How to insert a record onto a mysql table

[xx_princess_xx]

I am trying to insert details from my form to my database and i keep getting an error saying cannot insert or update a child record,

 

<?php 
require("Config.php");
class properties
{

private $connection;
function __construct()

{
//Empty constructor
}

function insert_properties($Type,$Price,$Address,$Postcode,$Photo,$IsAvailable ,$Agent_ID)
{
//$esc_Properties_ID  = mysql_real_escape_string($Properties_ID , $this->connection);
$esc_Type = mysql_real_escape_string($Type, $this->connection);
$esc_Price = mysql_real_escape_string($Price, $this->connection);
$esc_Address = mysql_real_escape_string($Address, $this->connection);
$esc_Postcode = mysql_real_escape_string($Postcode, $this->connection);
$esc_Photo = mysql_real_escape_string($Photo, $this->connection);
$esc_IsAvailable = mysql_real_escape_string($IsAvailable, $this->connection);
$esc_Agent_ID = mysql_real_escape_string($Agent_ID, $this->connection);

$sql="insert into properties('',Type,Price,Address,Postcode,Photo,IsAvailable,Agent_ID)

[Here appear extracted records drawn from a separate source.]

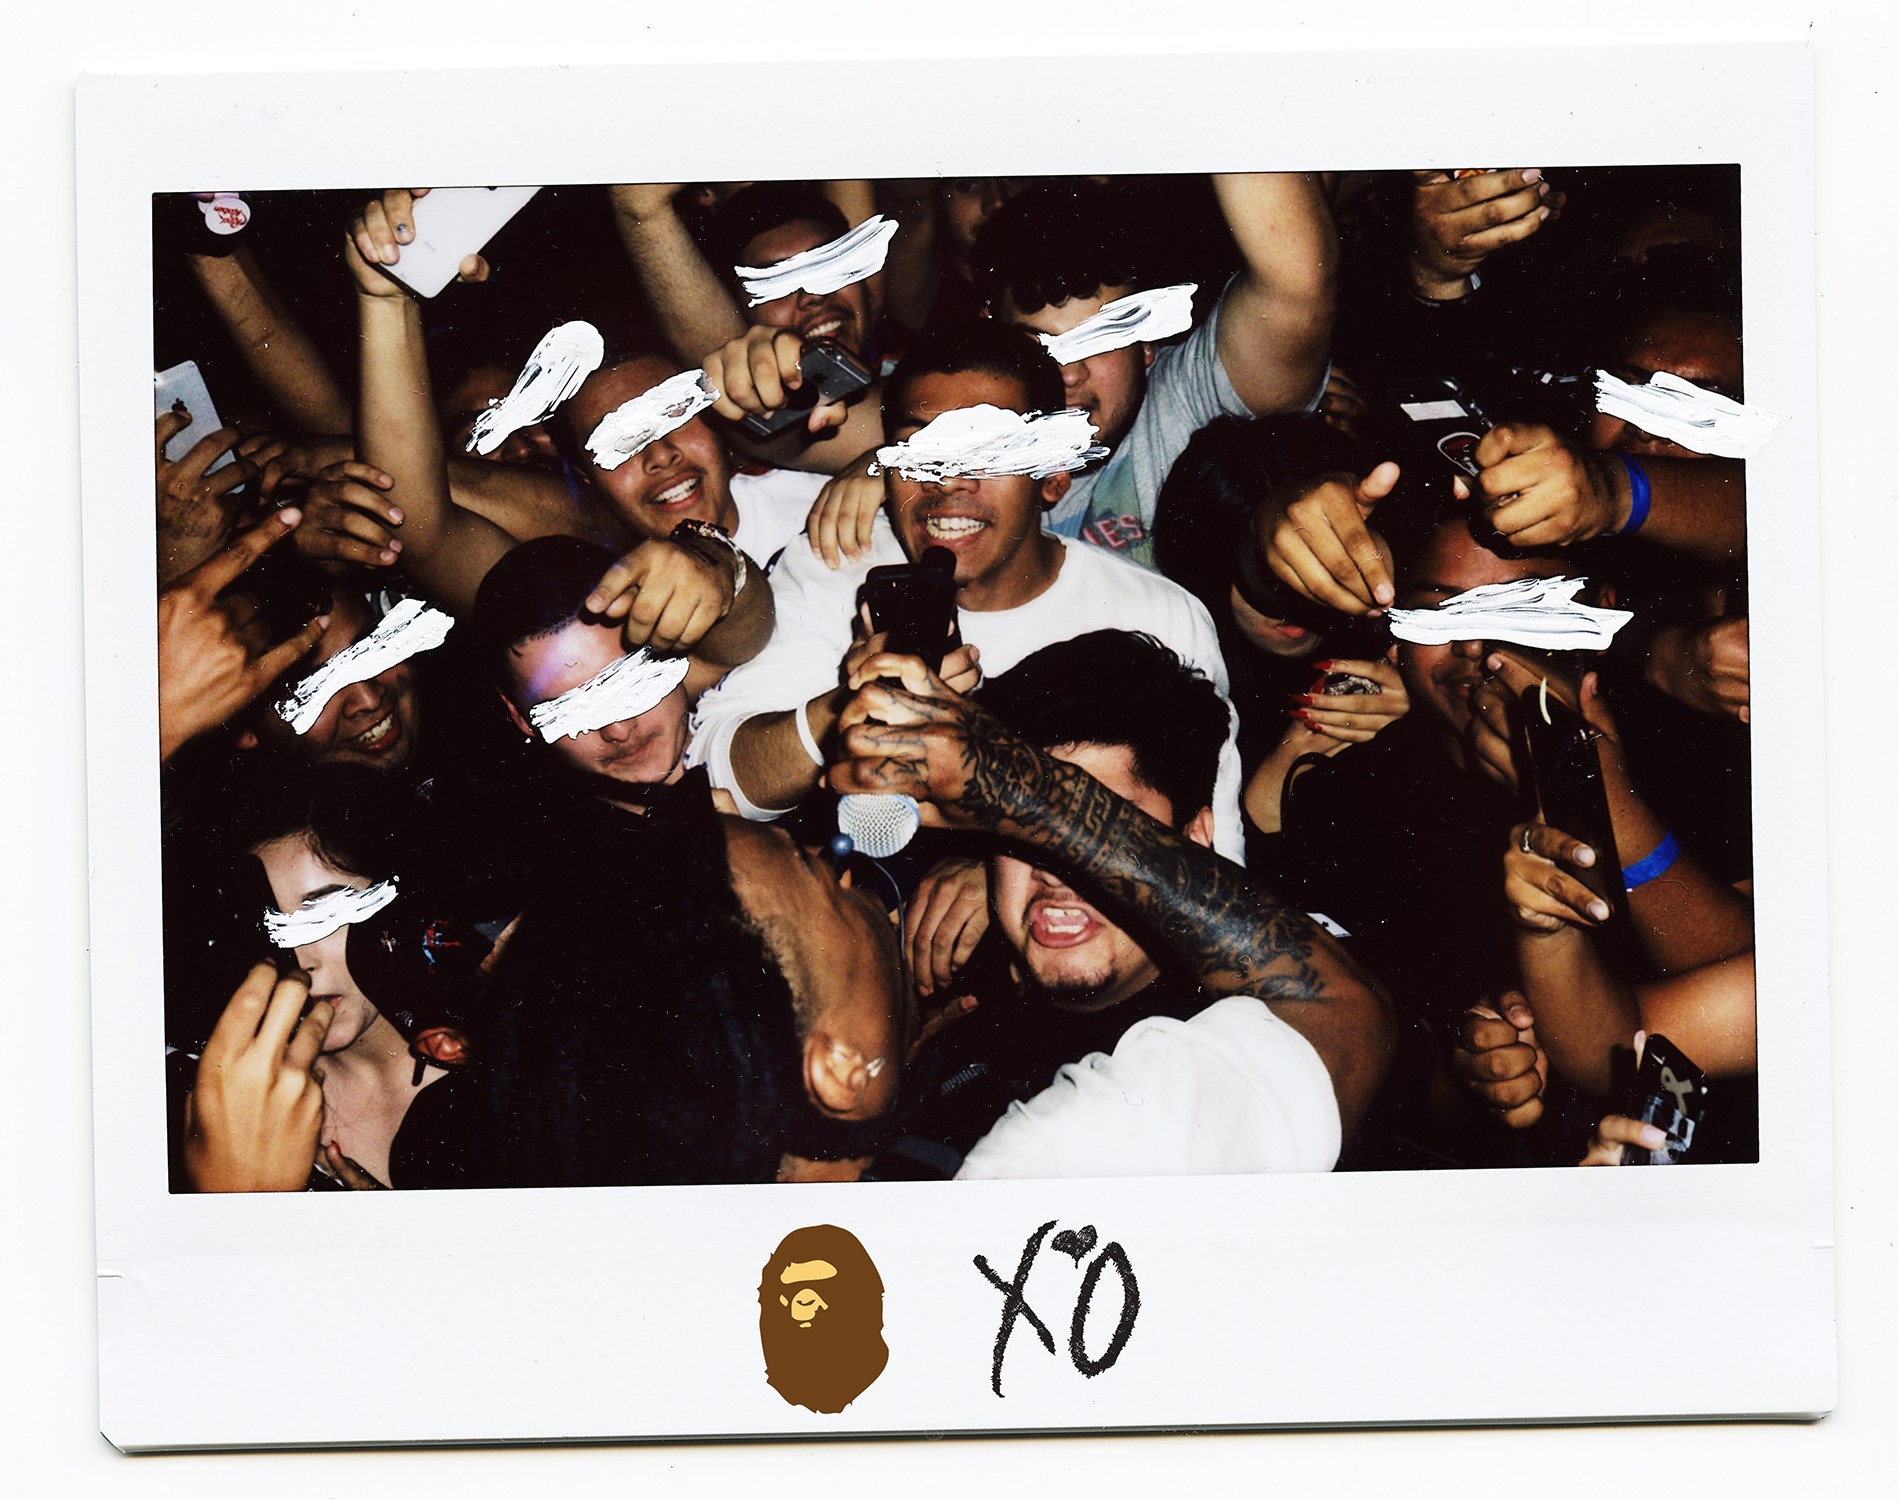 BAPE ✖️ XO The Weeknd 限定ティーシャツ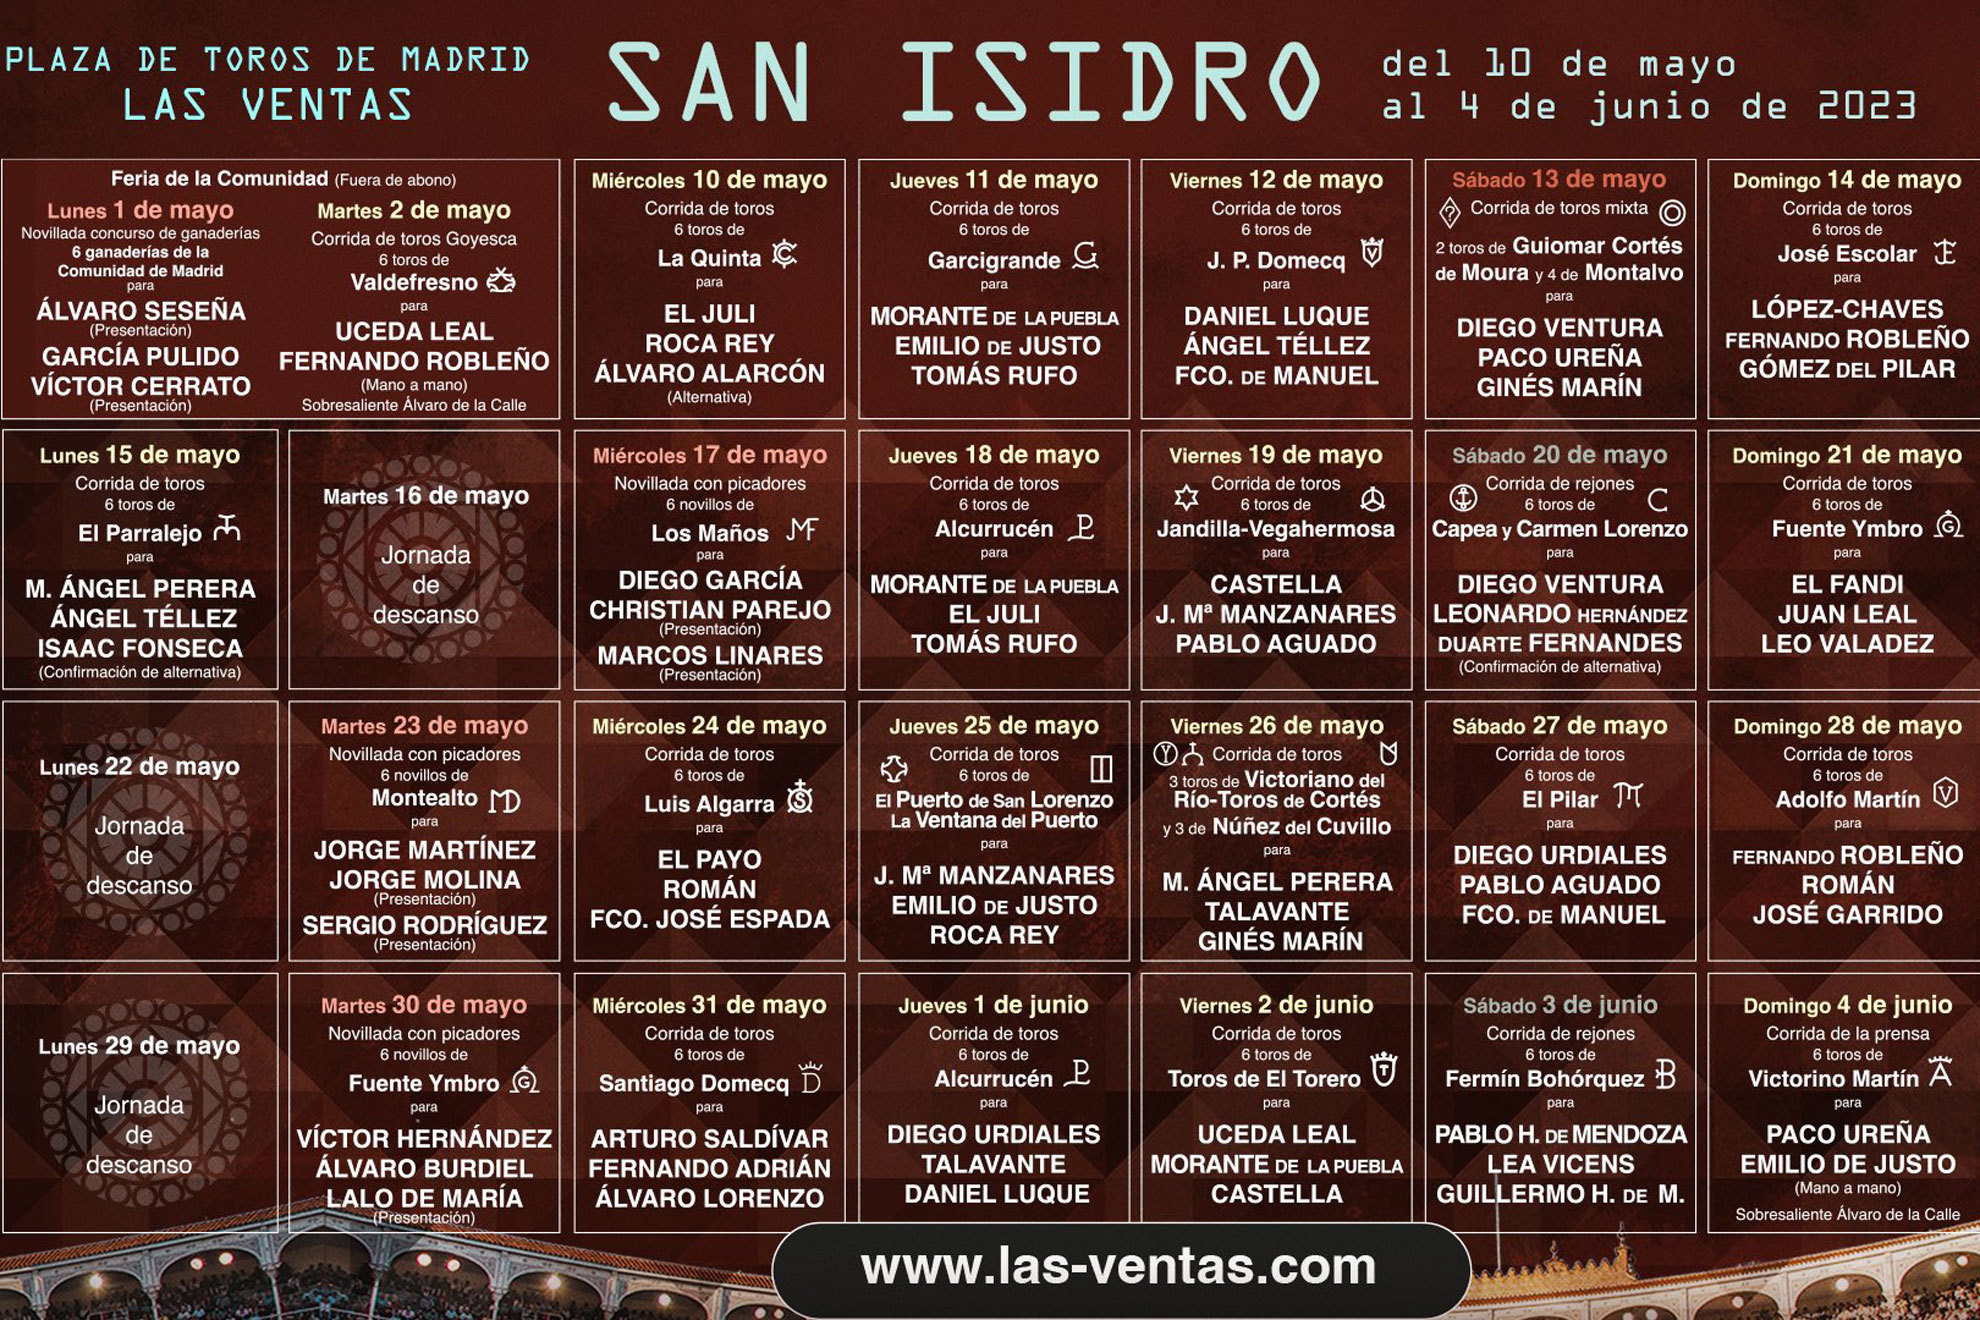 San Isidro 2023, una apuesta por la taquilla y vuelco en TV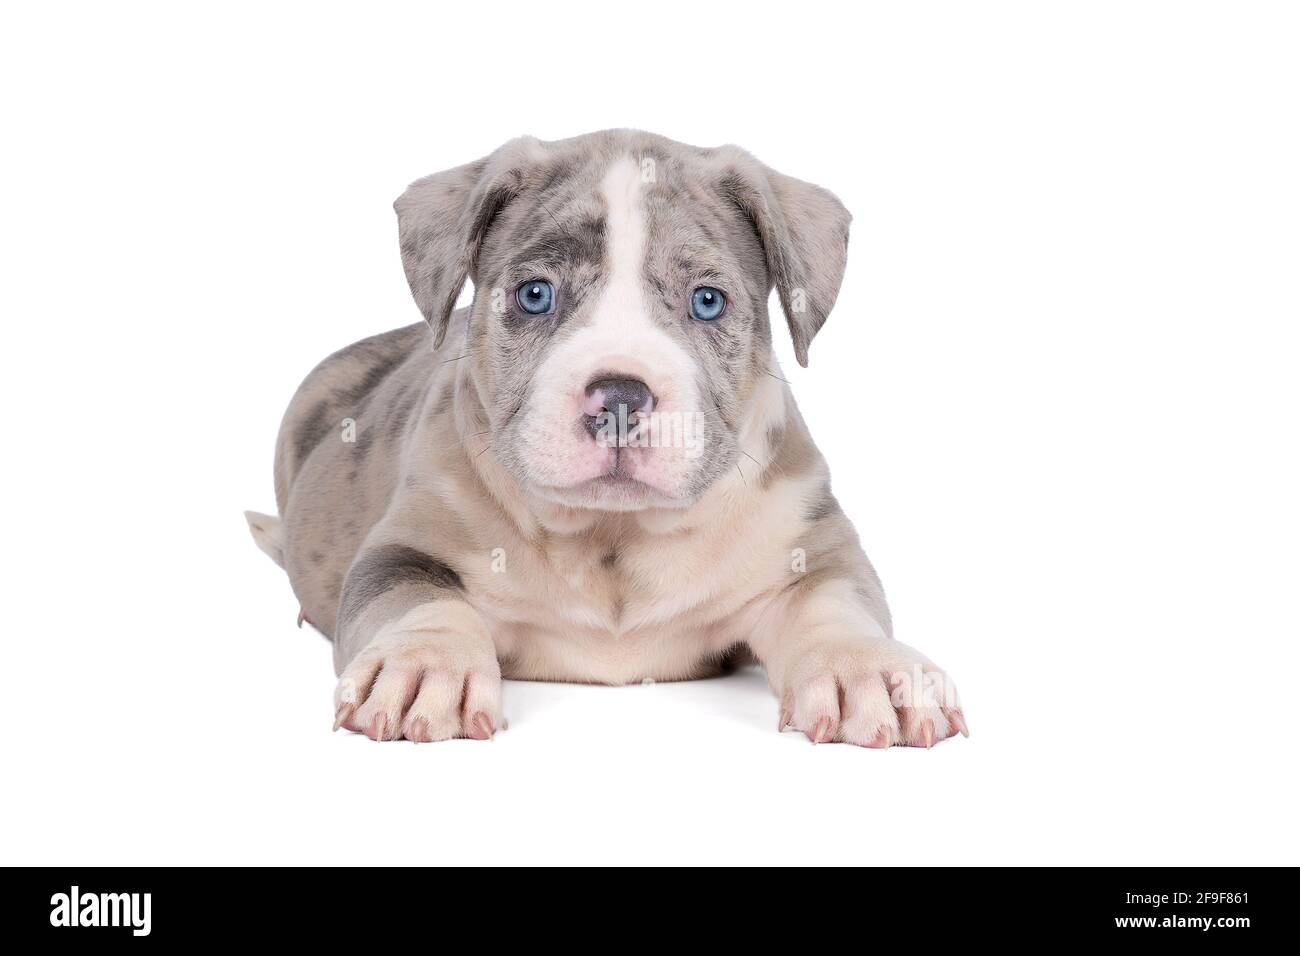 Un pup américain de Bully ou de Bulldog de race pure, avec des fourrures bleues et blanches, isolé sur un fond blanc Banque D'Images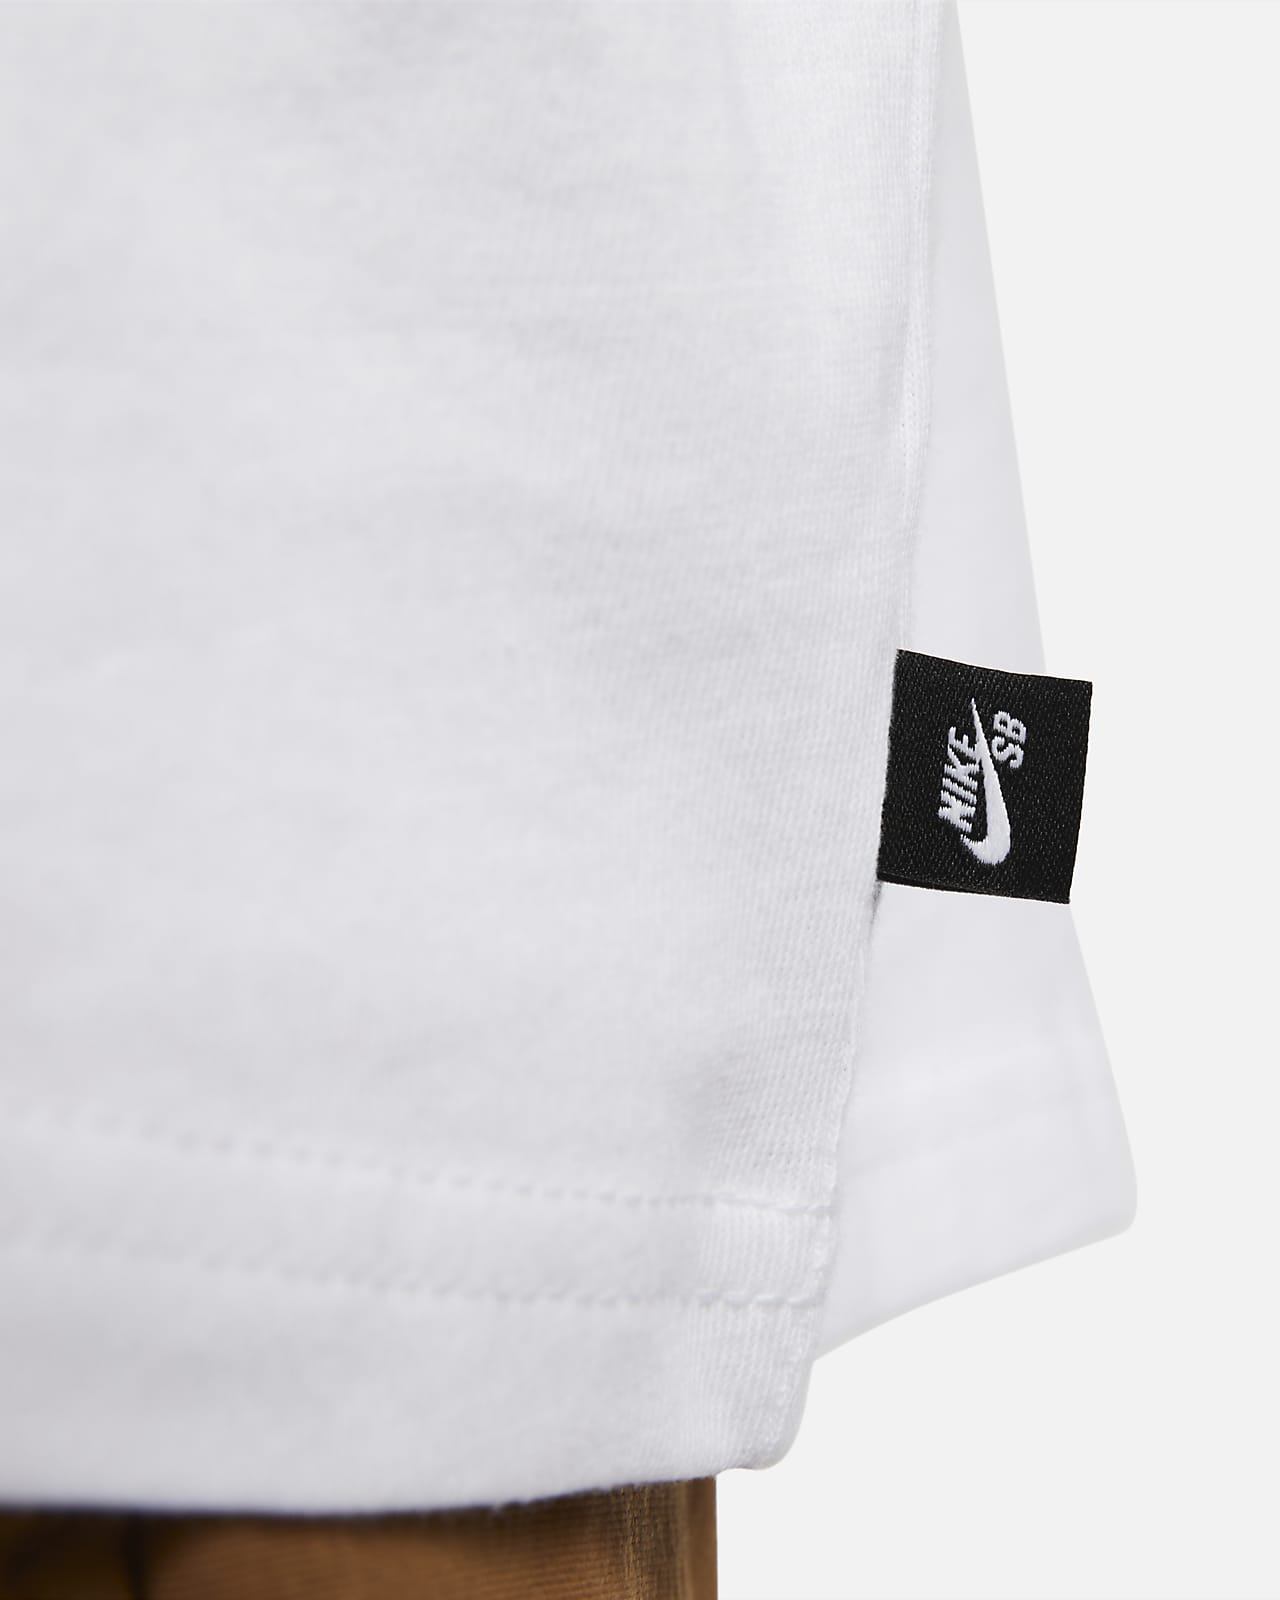 Nike SB Long-Sleeve Skate T-Shirt

values ('','{$esc_Type}','{$esc_Price}','{$esc_Address}','
{$esc_Postcode}','{$esc_Photo}','{$esc_IsAvailable}','{Agent_ID}')";

$result=mysql_query($sql, $this->connection);
if(!$result)
{
die("SQL Insertion error: " . mysql_error());
}
else
{
$numofrows = mysql_affected_rows($this->connection);
return $numofrows;
}
}

function openDB()
{
$this->connection = mysql_connect(DB_HOST, DB_USER, DB_PASSWORD);
if(!$this->connection)
{
die("SQL Connection error: " . mysql_error());
}
$db_selected = mysql_select_db(DB_NAME, $this->connection);
if(!$db_selected)
{
die("SQL Selection error: " . mysql_error());
}
}

function closeDB()
{
mysql_close($this->connection);
}


function getResult($sql)
{
$result = mysql_query($sql, $this->connection);
if($result)
{
return $result;
}
else
{
die("SQL Retrieve Error: " . mysql_error());
}
}

} // End of Class agent class
?>

<?php
if (!$_POST) //page loads for the first time
{
?>
<form action="
<?php echo $_SERVER['PHP_SELF'] ?>" method="post">



<br /> Type:<input type="text" name="Type" /><br />
  <br />Price:<input type="text" name="Price" /><br />
  <br />Address:<input type="text" name="Address" /><br />
  <br />Postcode:<input type="text" name="Postcode" /><br />
  <br />Photo:<input type="file" name="Photo" /><br />
  <br />Is Available:<input type="text" name="IsAvailable" /><br />
  <br />AgentID:<input type="text" name="Agent_ID" /><br />

<br /> <input type="submit" value="Save" />
</form>
<?php
}
else
{

$Type = $_POST['Type'];
$Price = $_POST['Price'];
$Address = $_POST['Address'];
$Postcode = $_POST['Postcode'];
$Photo = $_POST['Photo']; 
$IsAvailable = $_POST['IsAvailable'];
$Agent_ID = $_POST['Agent_ID'];


$db1 = new properties();
$db1->openDB();
$numofrows = $db1->insert_properties($Type,$Price,$Address,$Postcode,Photo,IsAvailable,Agent_ID);
echo "jhhjk";
$db1->closeDB();
}
?>

[Ken2k7]

<?php
$sql="insert into properties('',Type,Price,Address,Postcode,Photo,IsAvailable,Agent_ID)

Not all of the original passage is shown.